What you are asked to do: The result should be the line with "Gold-plated metal trim, double" followed by every remaining line of the entries, each reproduced exactly, with nothing else.

───

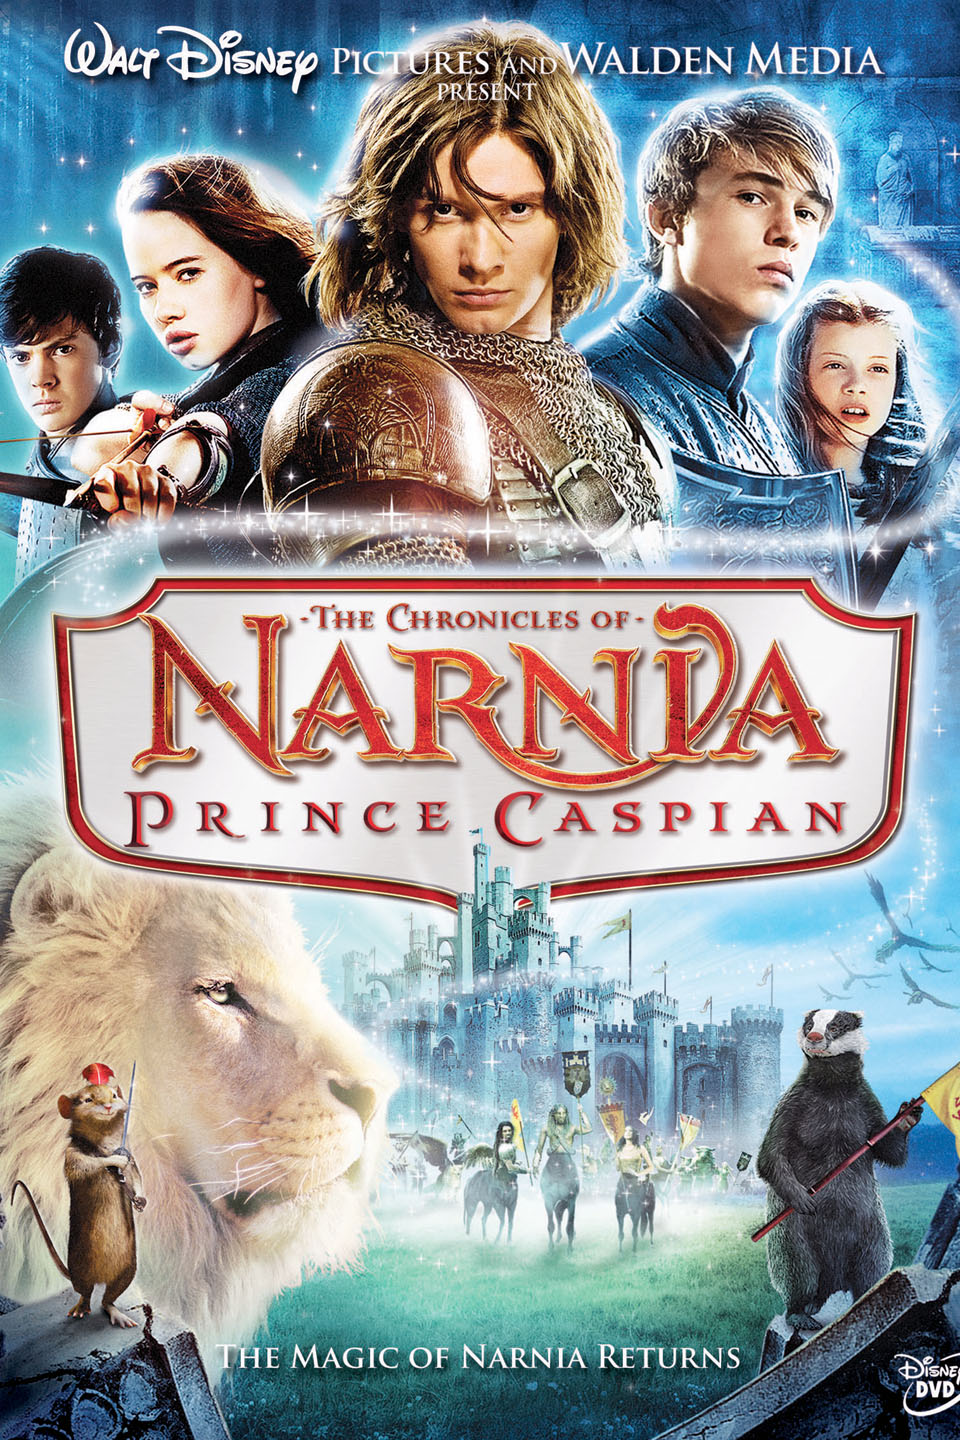 The Chronicles of Narnia: Prince Caspian: Trailer 1 - Trailers & Videos ...
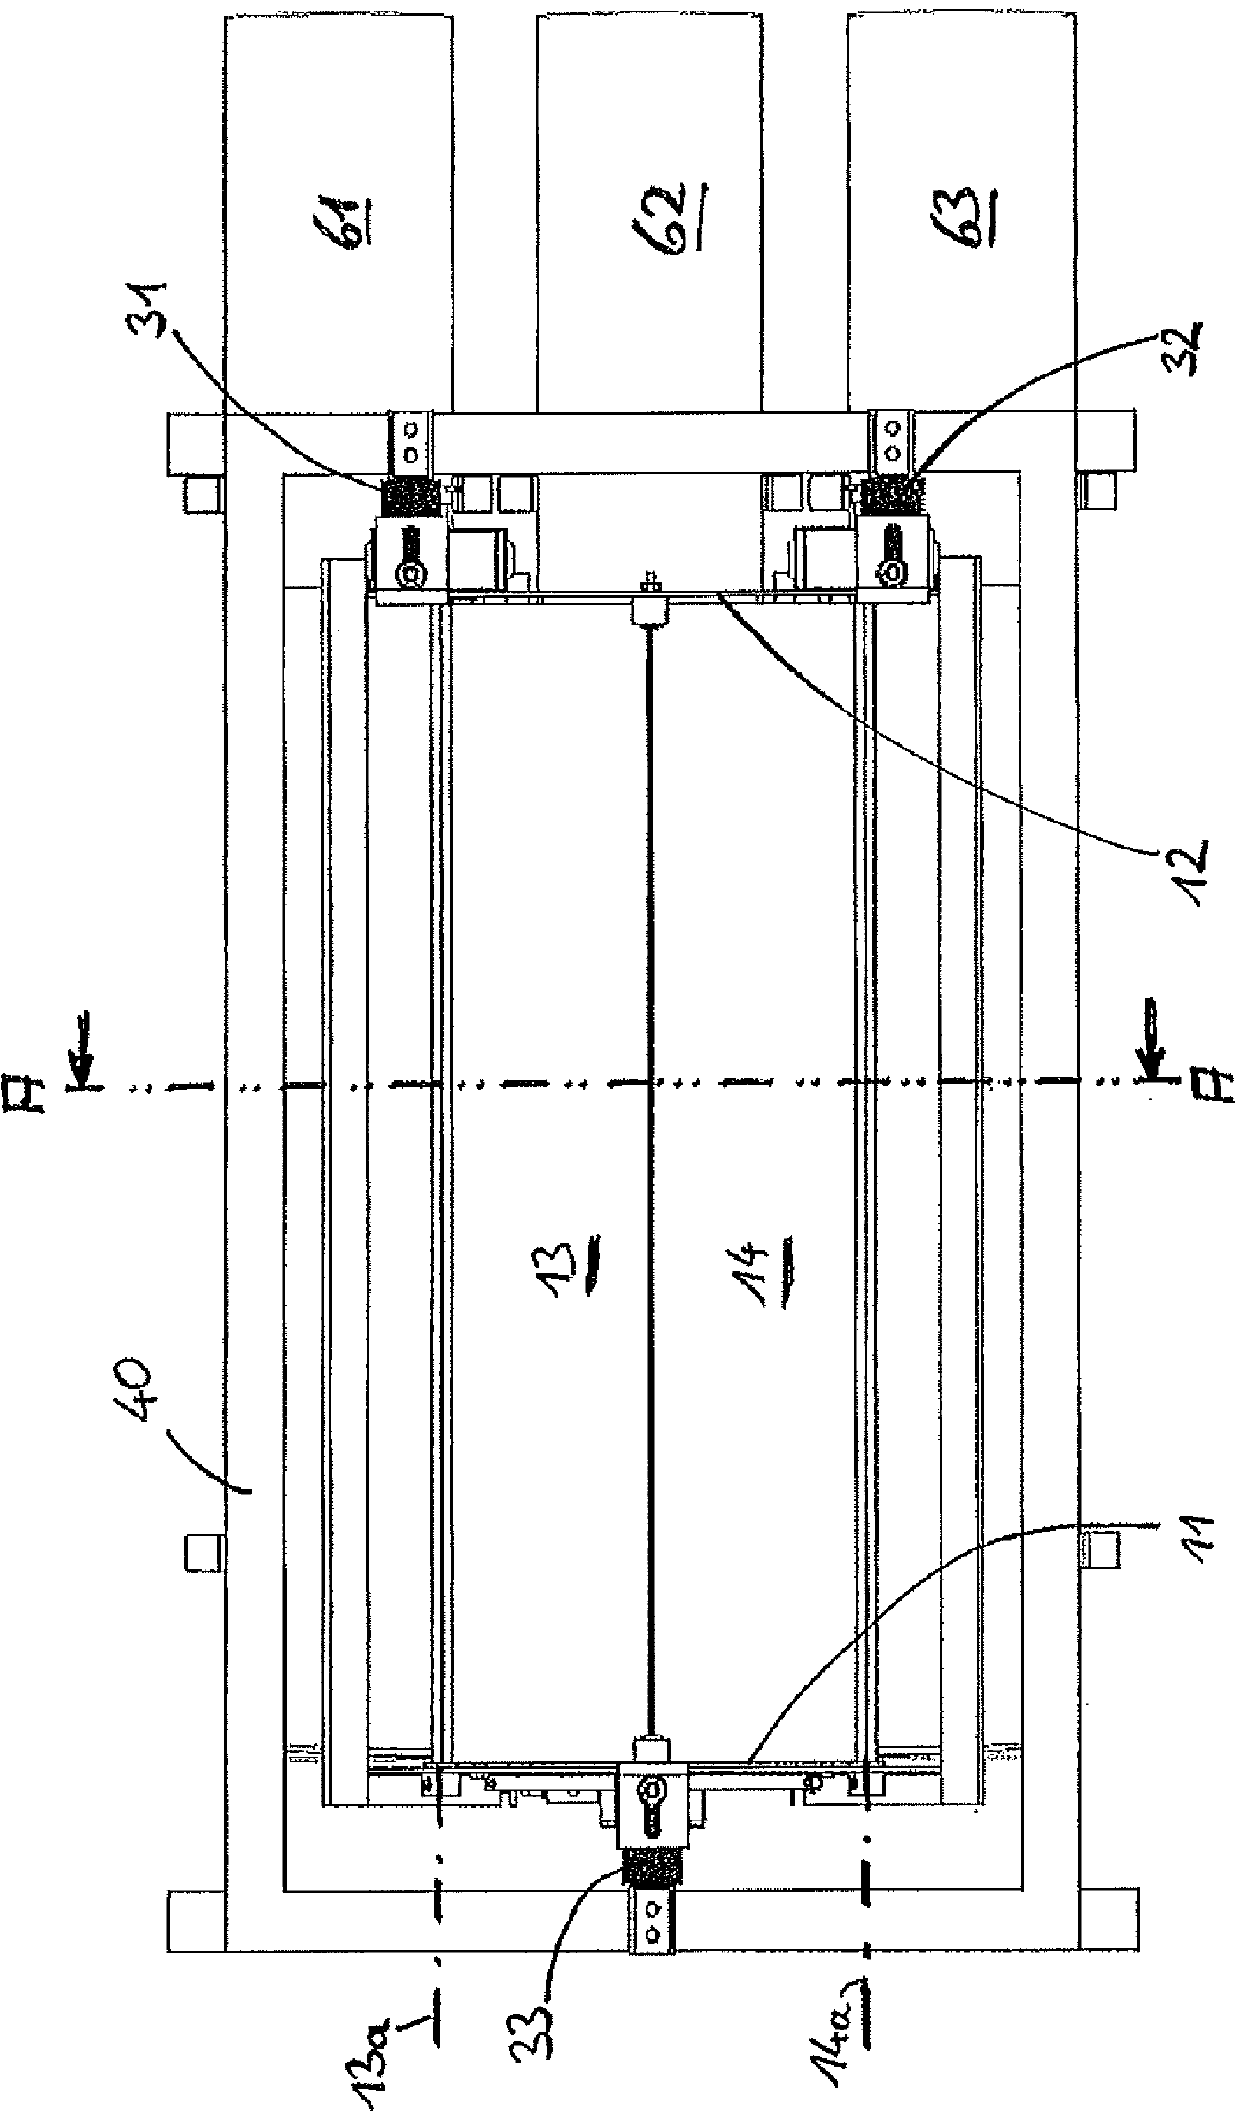 Fish-sorting device and method
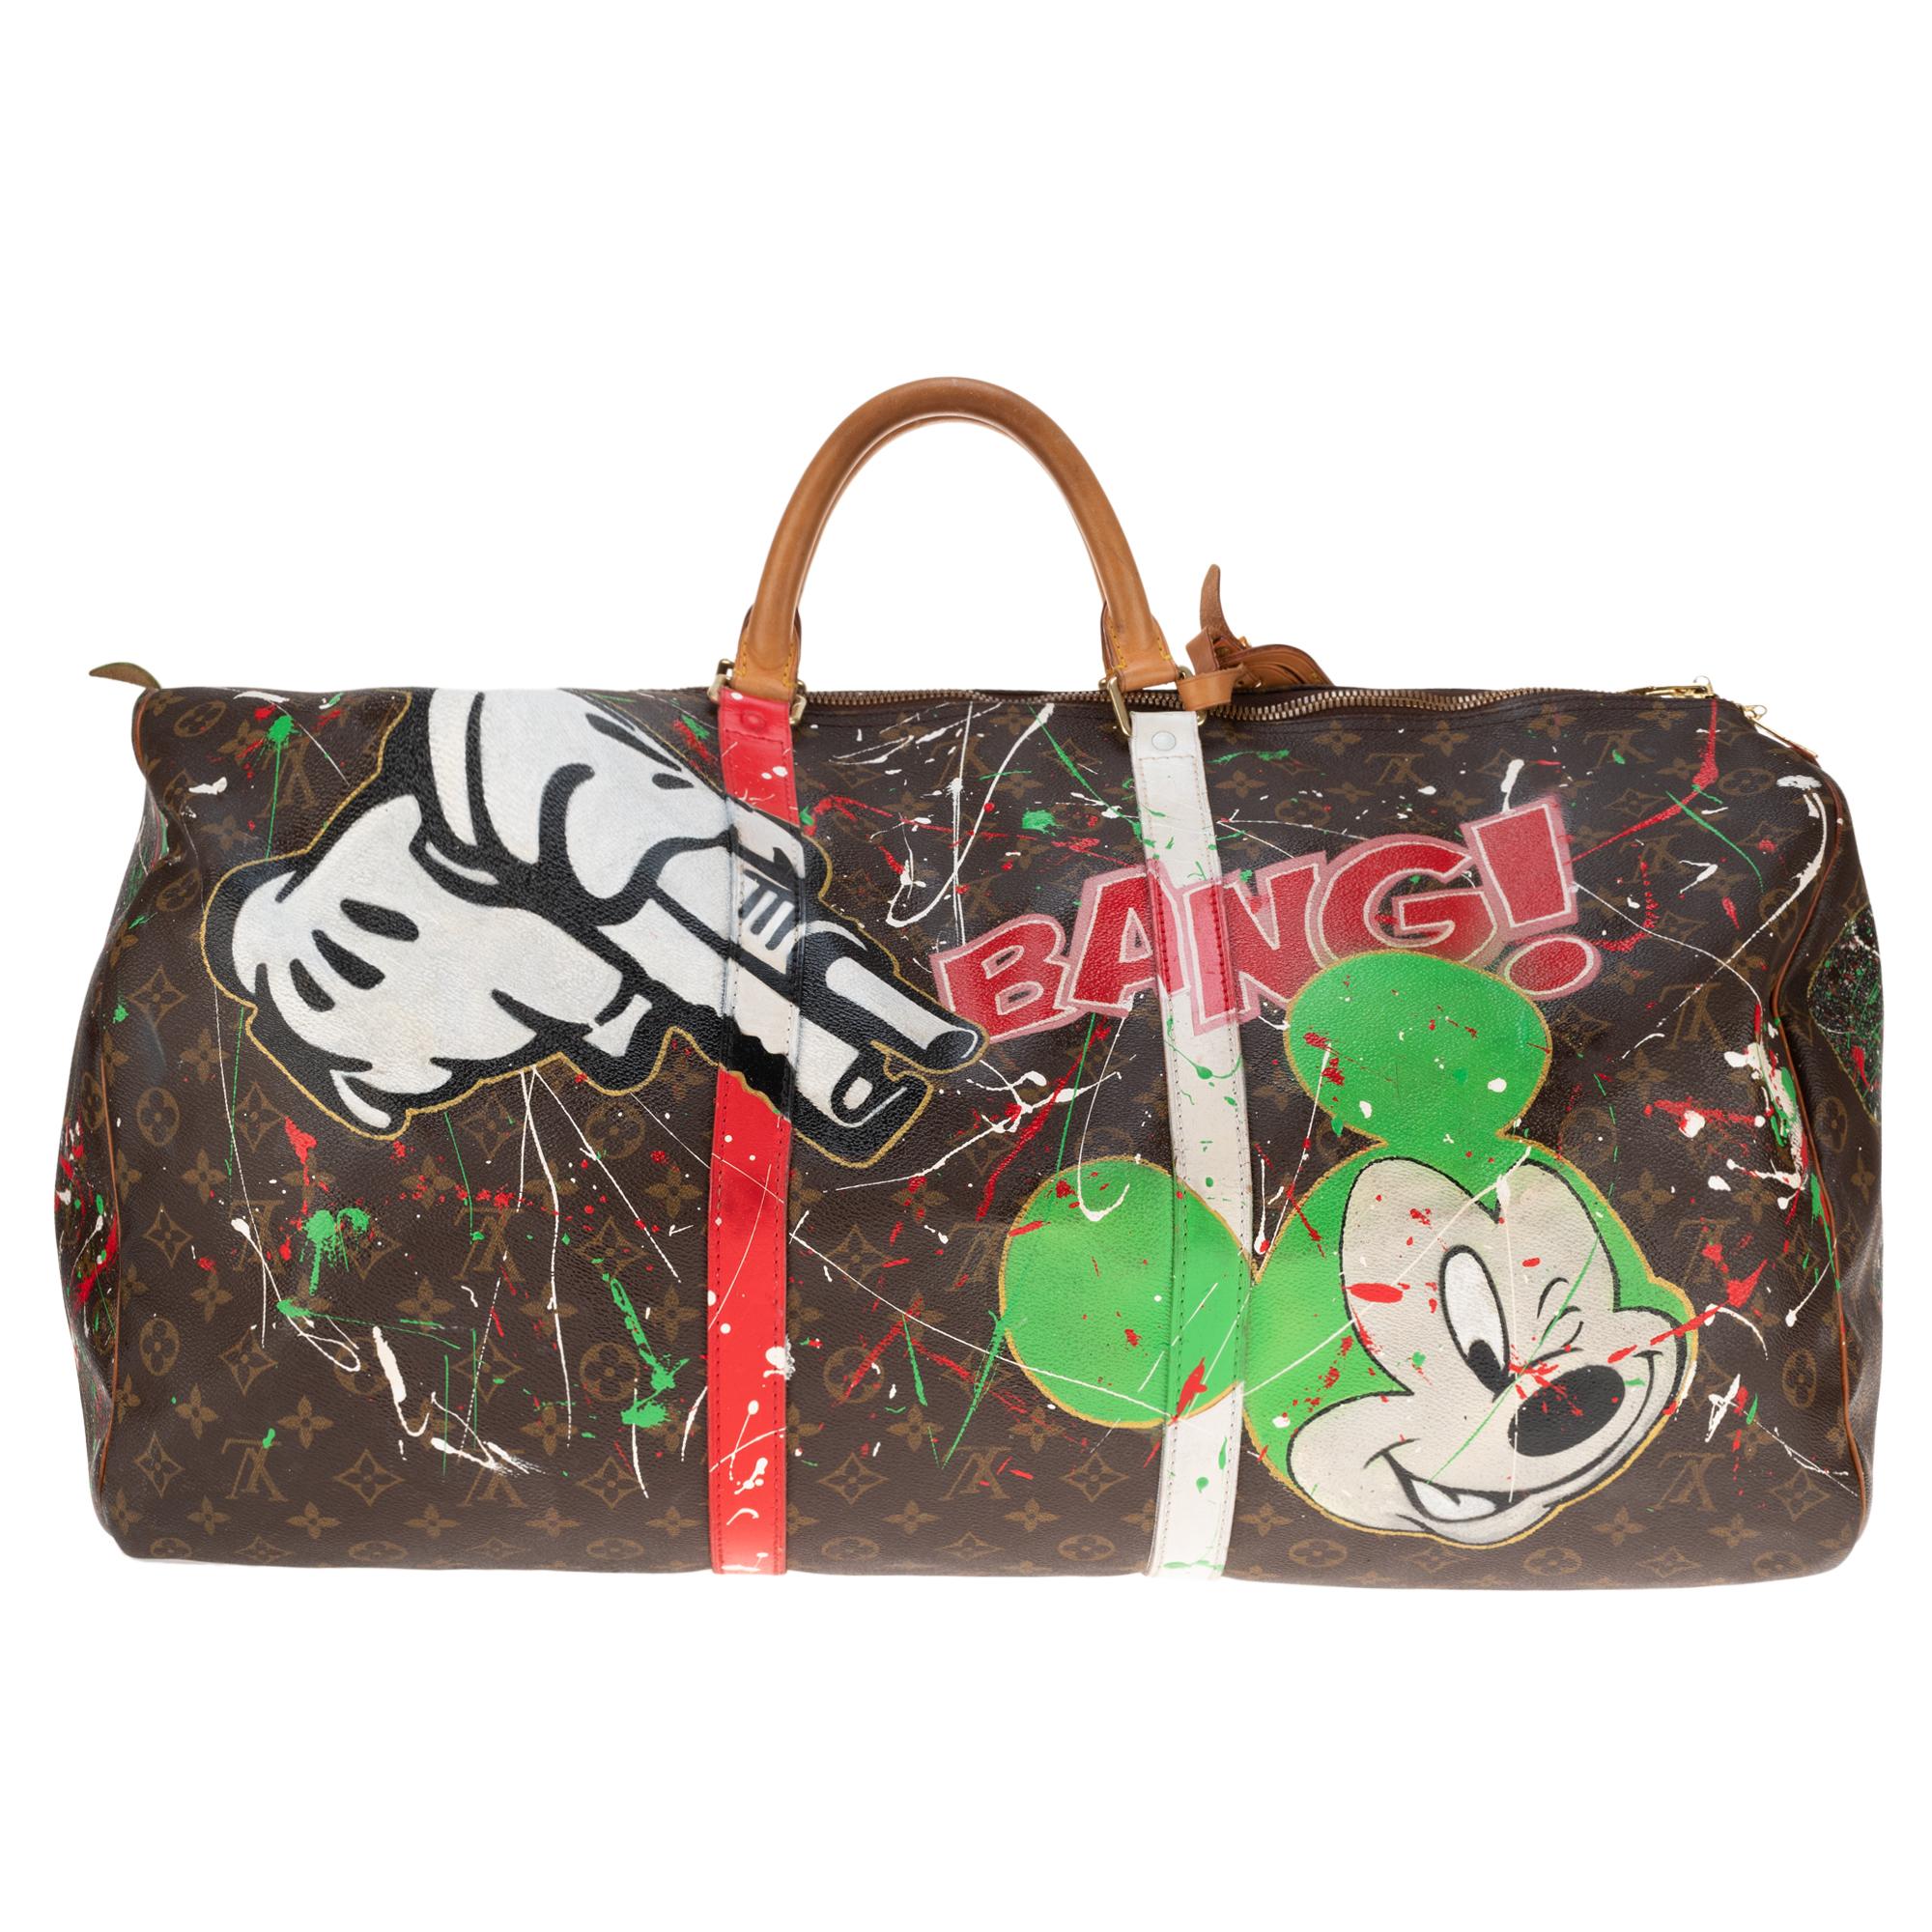 Exceptional travel bag Louis Vuitton Keepall 60 cm in brown Monogram canvas and natural leather customized by our artist of the Street Art PatBo on the theme of Disney.
Gold-plated metal trim, double natural leather handle for hand-carrying.
Double

───

Task solution:
Gold-plated metal trim, double natural leather handle for hand-carrying.
Double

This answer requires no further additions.